Dividere i canali facendo clic su Immagine, quindi su Colore e quindi su Dividi canali. Uniscili facendo clic su Immagine, quindi su Colore e quindi su Unisci canali per assegnare colori diversi. Converti l'immagine in uno stack RGB facendo clic su Immagine, quindi vai su Colore e fai clic su Impila in RGB.
Regola la luminosità e il contrasto facendo clic su Immagine, Regola e quindi su Luminosità/Contrasto. Utilizzare l'auto o il dispositivo di scorrimento per garantire che le strutture pre e post-sinaptiche e le etichette interne delle cellule ciliate siano distinte dallo sfondo. Etichetta cinque celle ciliate interne con lo strumento testo facendo clic sulla posizione desiderata all'interno della pila.
Quindi, vai su Analizza, quindi su Strumenti e seleziona ROI Manager. Seleziona le etichette delle caselle di controllo per etichettare i punti con un numero. Ingrandisci la cellula ciliata interna di interesse.
Fare clic con il pulsante destro del mouse sullo strumento punto per scegliere la modalità multipunto. Scorrere la dimensione Z e contare le sinapsi funzionali del nastro, che sono identificate da un nastro pre-sinaptico in giustapposizione a un cerotto di glutammato post-sinaptico. Dopo aver selezionato tutte le strutture di interesse, fai clic su Aggiungi il ROI Manager, quindi fai clic sul nome arbitrario e scegli Rinomina.
Con lo strumento manuale, regola l'immagine per visualizzare completamente la cella ciliata interna successiva. Passare dallo strumento Multipunto allo strumento Punto per evitare di aggiungere ulteriori puncta ai dati memorizzati in precedenza. Fare clic su una struttura di interesse all'interno della cella ciliata interna successiva e passare allo strumento Multipunto.
Continuare ad aggiungere la sinapsi funzionale del nastro nel ROI Manager fino a quando tutte le cellule ciliate interne non vengono valutate. Fare clic su un set di dati nel ROI Manager e quindi su Misura. Attendi che appaia una nuova finestra che elenca i punti dati misurati e fai clic su File e Salva con nome per salvare questo elenco come foglio di calcolo.
Salva l'immagine attivando Mostra tutto nel ROI Manager. Fare clic su Appiattisci per aggiungere definitivamente le etichette dei punti allo stack e fare clic su Accetto per chiudere salvando le modifiche. Le proiezioni della pila Z dalla coclea di un giovane gerbillo di 10 mesi mostrano che le cellule ciliate interne marcate con miosina 7A delineate qui da linee tratteggiate bianche erano in netto contrasto con lo sfondo.

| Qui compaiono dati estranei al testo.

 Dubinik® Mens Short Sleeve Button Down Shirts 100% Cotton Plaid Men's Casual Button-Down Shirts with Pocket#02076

I nastri pre-sinaptici sono stati etichettati con anti-CtBP2 due mostrati in verde, mentre i cerotti di glutammato post-sinaptico sono stati etichettati con anti-GluA2 mostrato in rosso. La coclea di un vecchio gerbillo di 38 mesi è stata trattata con il quencher ad autofluorescenza e ha mostrato cellule ciliate interne distinte con strutture pre e post-sinaptiche chiaramente visibili. Per testare la stabilità dell'immunolabeling, lo stesso pezzo di coclea del giovane gerbillo è stato ripreso dopo tre mesi e 29 mesi e mezzo.

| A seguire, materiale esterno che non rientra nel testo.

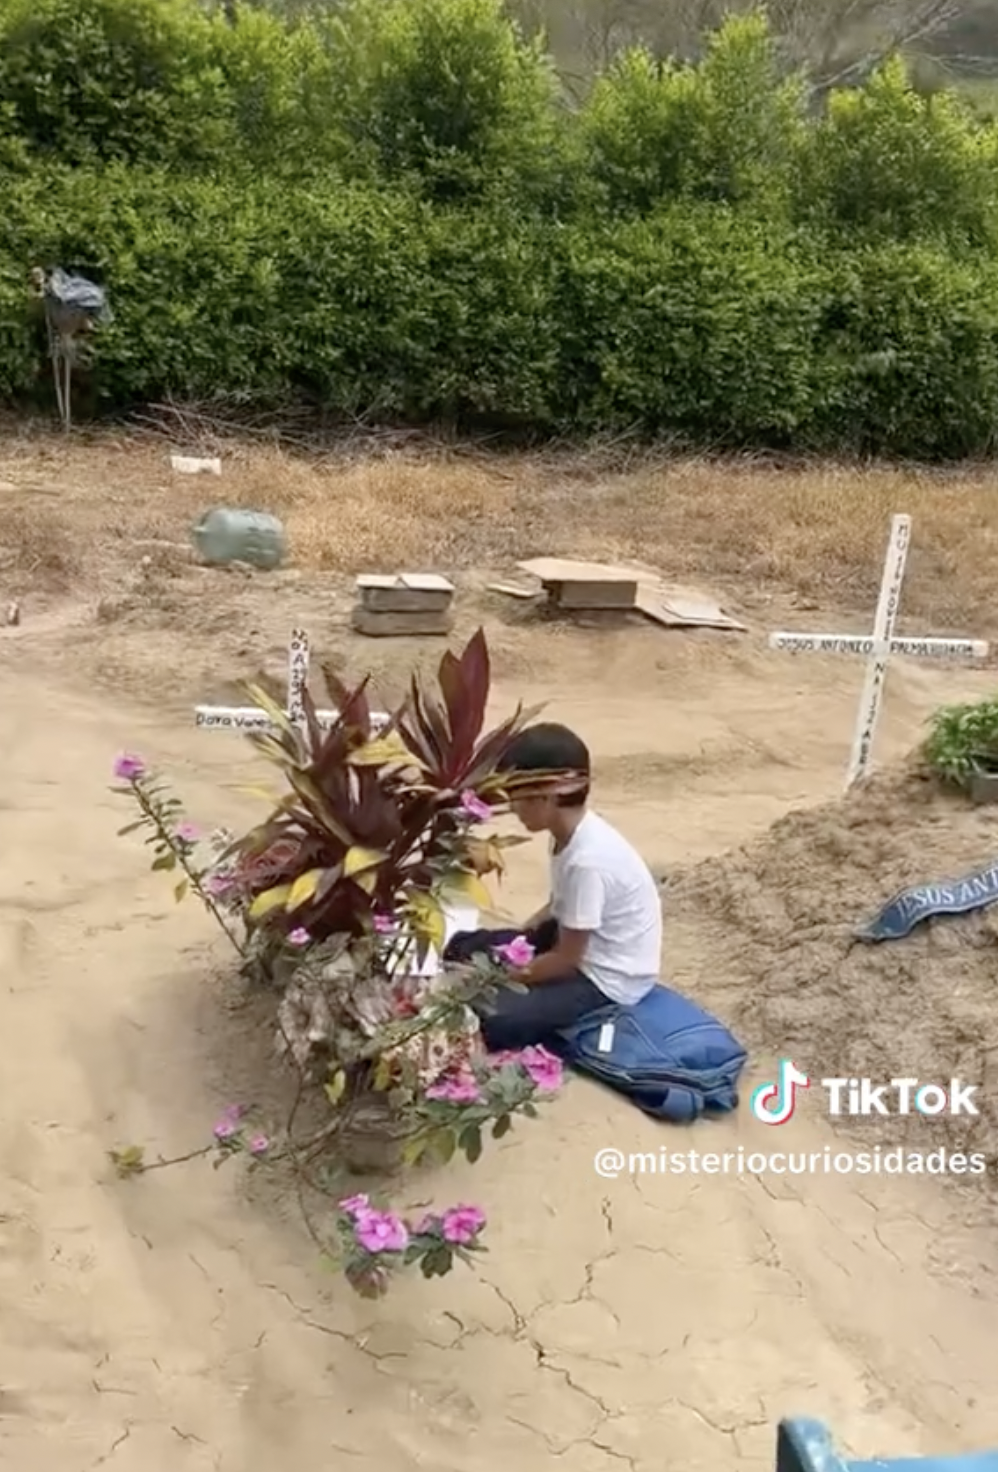 Kike sur la tombe de sa mère. | Source : tiktok.com/@misteriocuriosidades

Nonostante il ridotto rapporto segnale-rumore, le sinapsi funzionali erano distinte e quantificabili. Anche se un taglio fallisce, montare il pezzo di tessuto rimanente per stimare successivamente l'intera lunghezza cocleare in modo più accurato. I dati di questo protocollo sono particolarmente preziosi se preceduti e quindi correlati individualmente con test dell'udito elettrofisiologici o psicofisici.